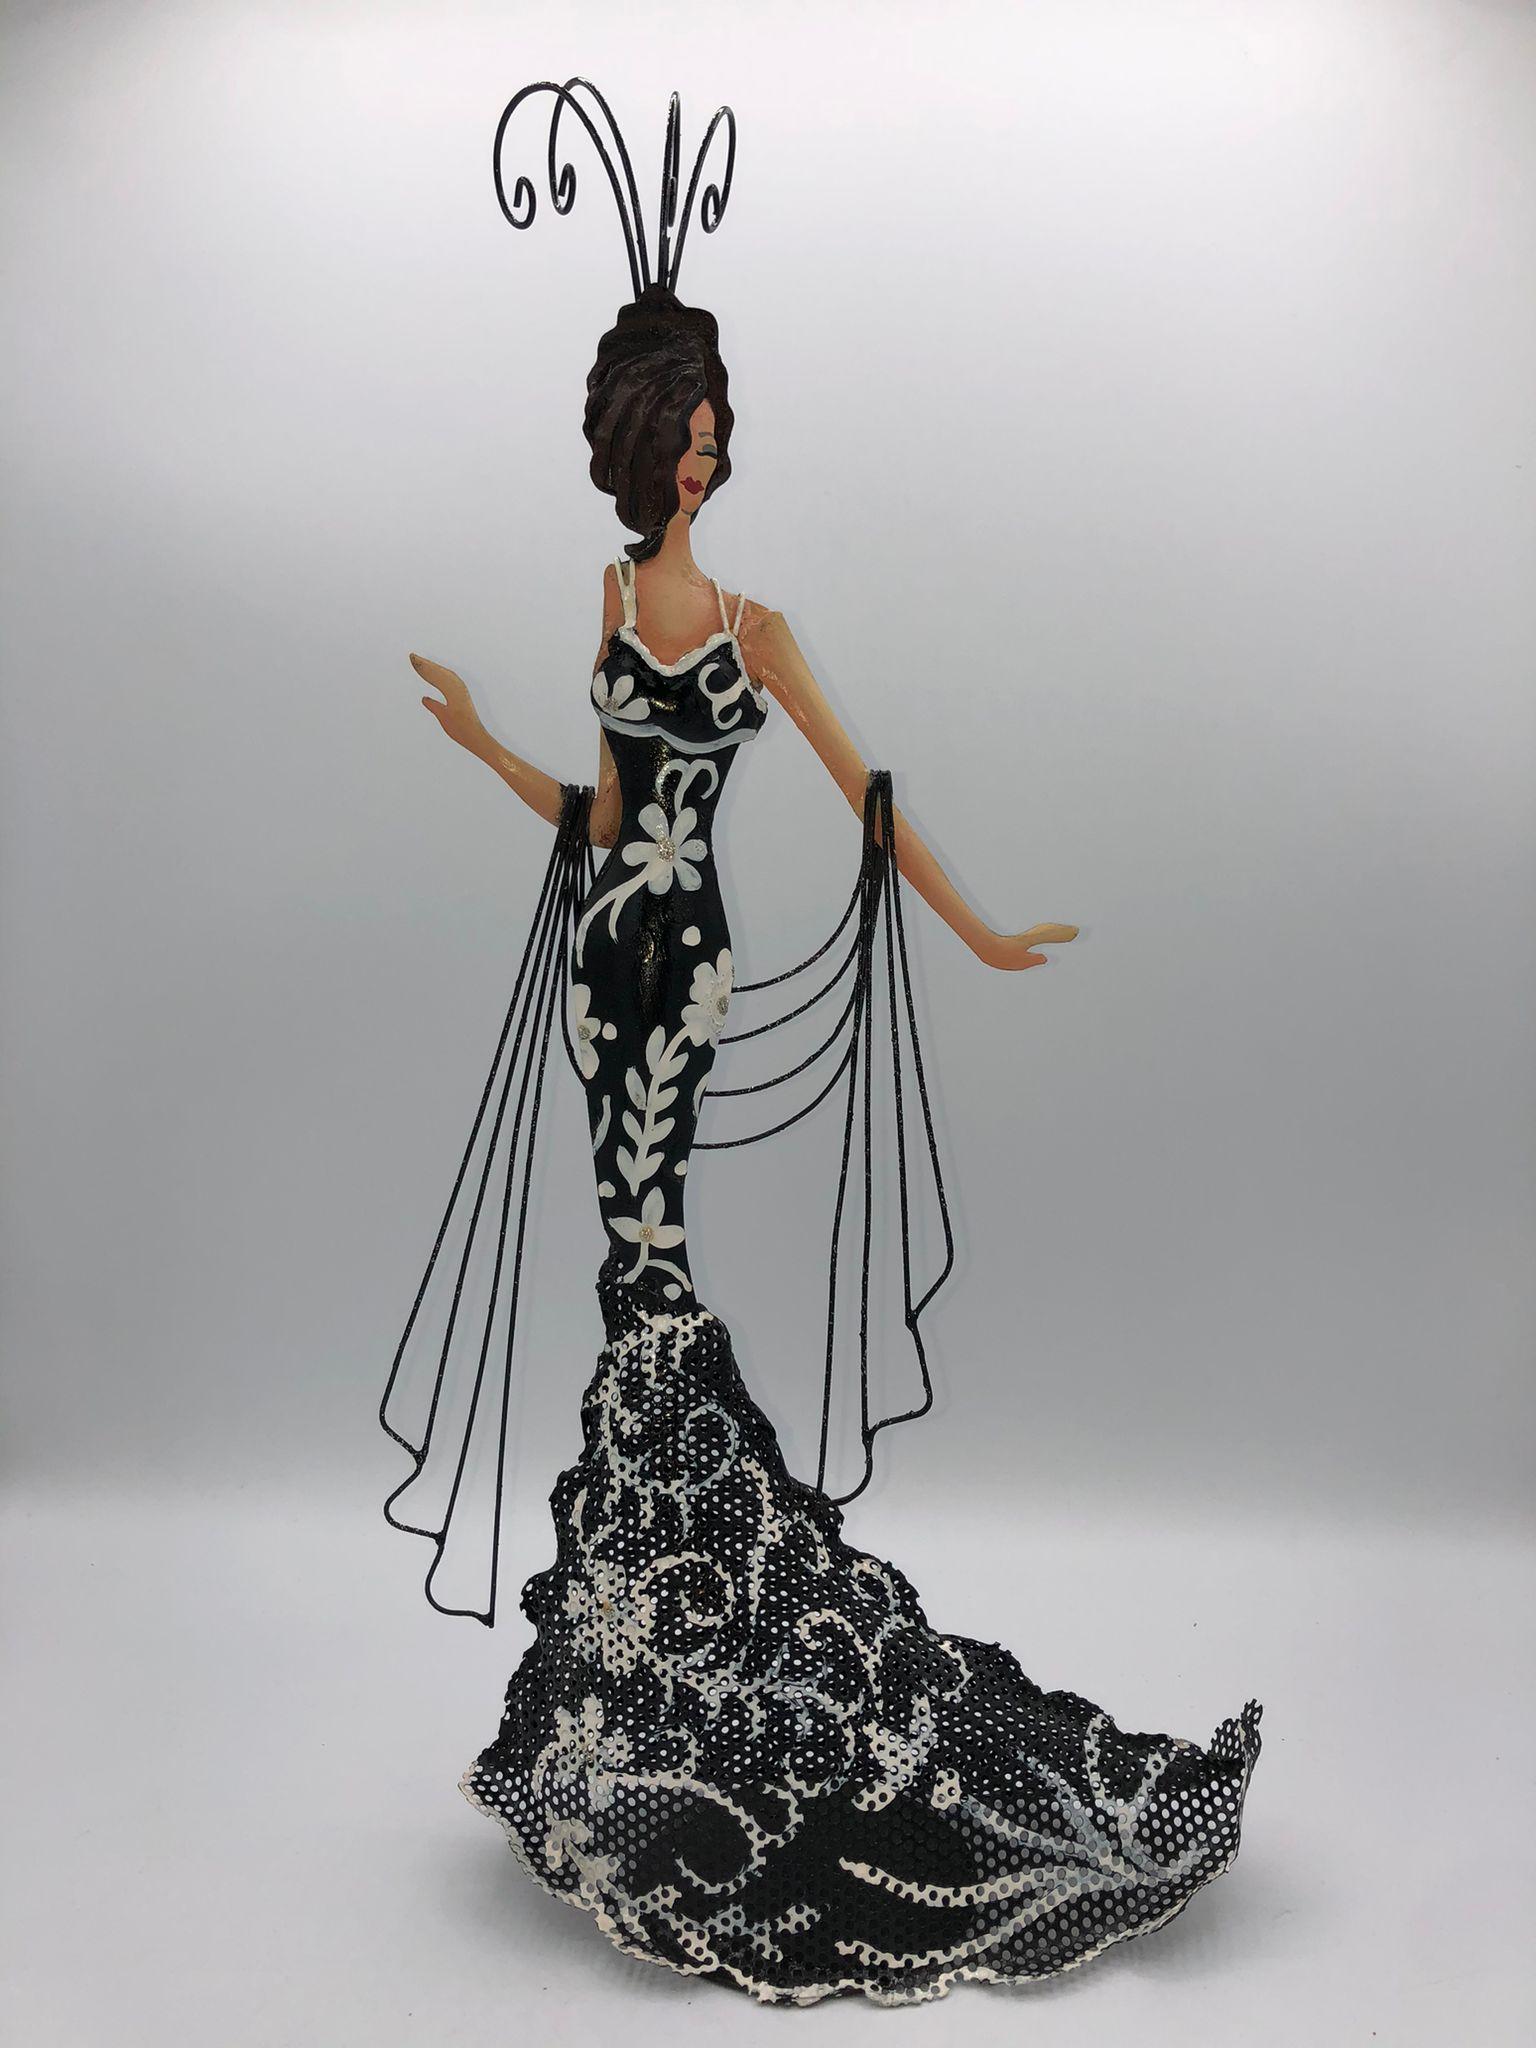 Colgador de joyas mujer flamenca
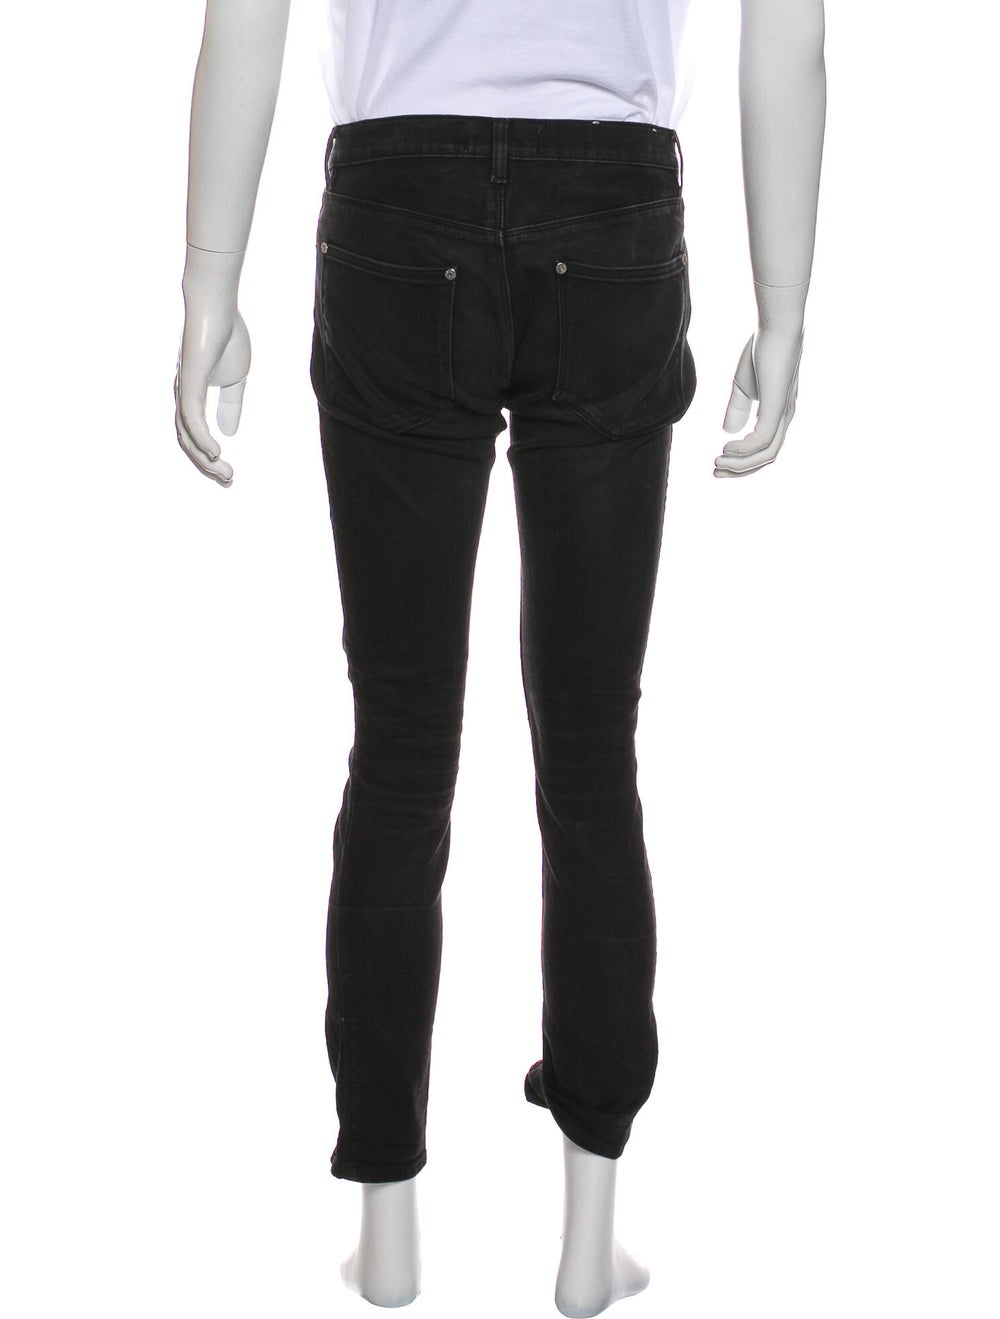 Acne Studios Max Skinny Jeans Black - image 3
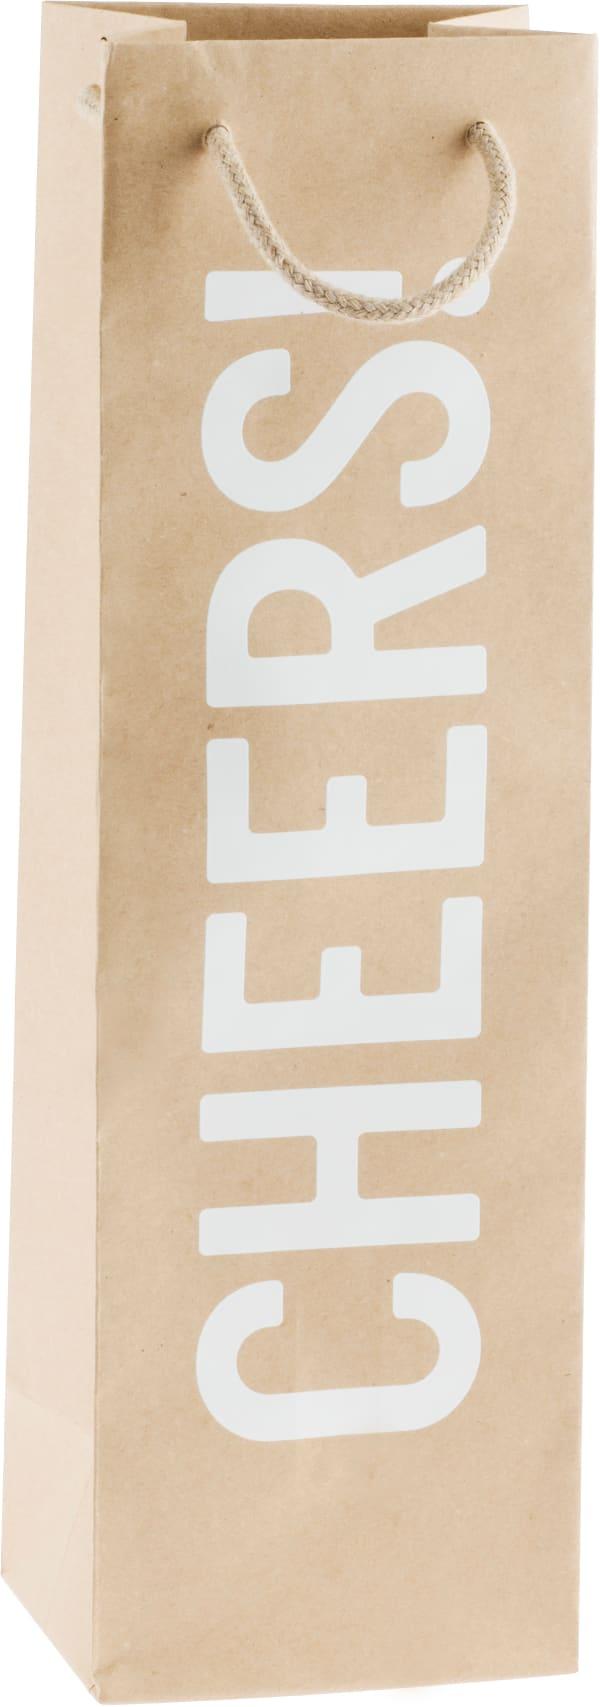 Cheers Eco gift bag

+++++

● What the task asks
From the first line to the last, retype the data exactly, without images.

● Expected output
 Colgador de joyas mujer flamenca
 Acne Studios Max Skinny Jeans Black - image 3
 Cheers Eco gift bag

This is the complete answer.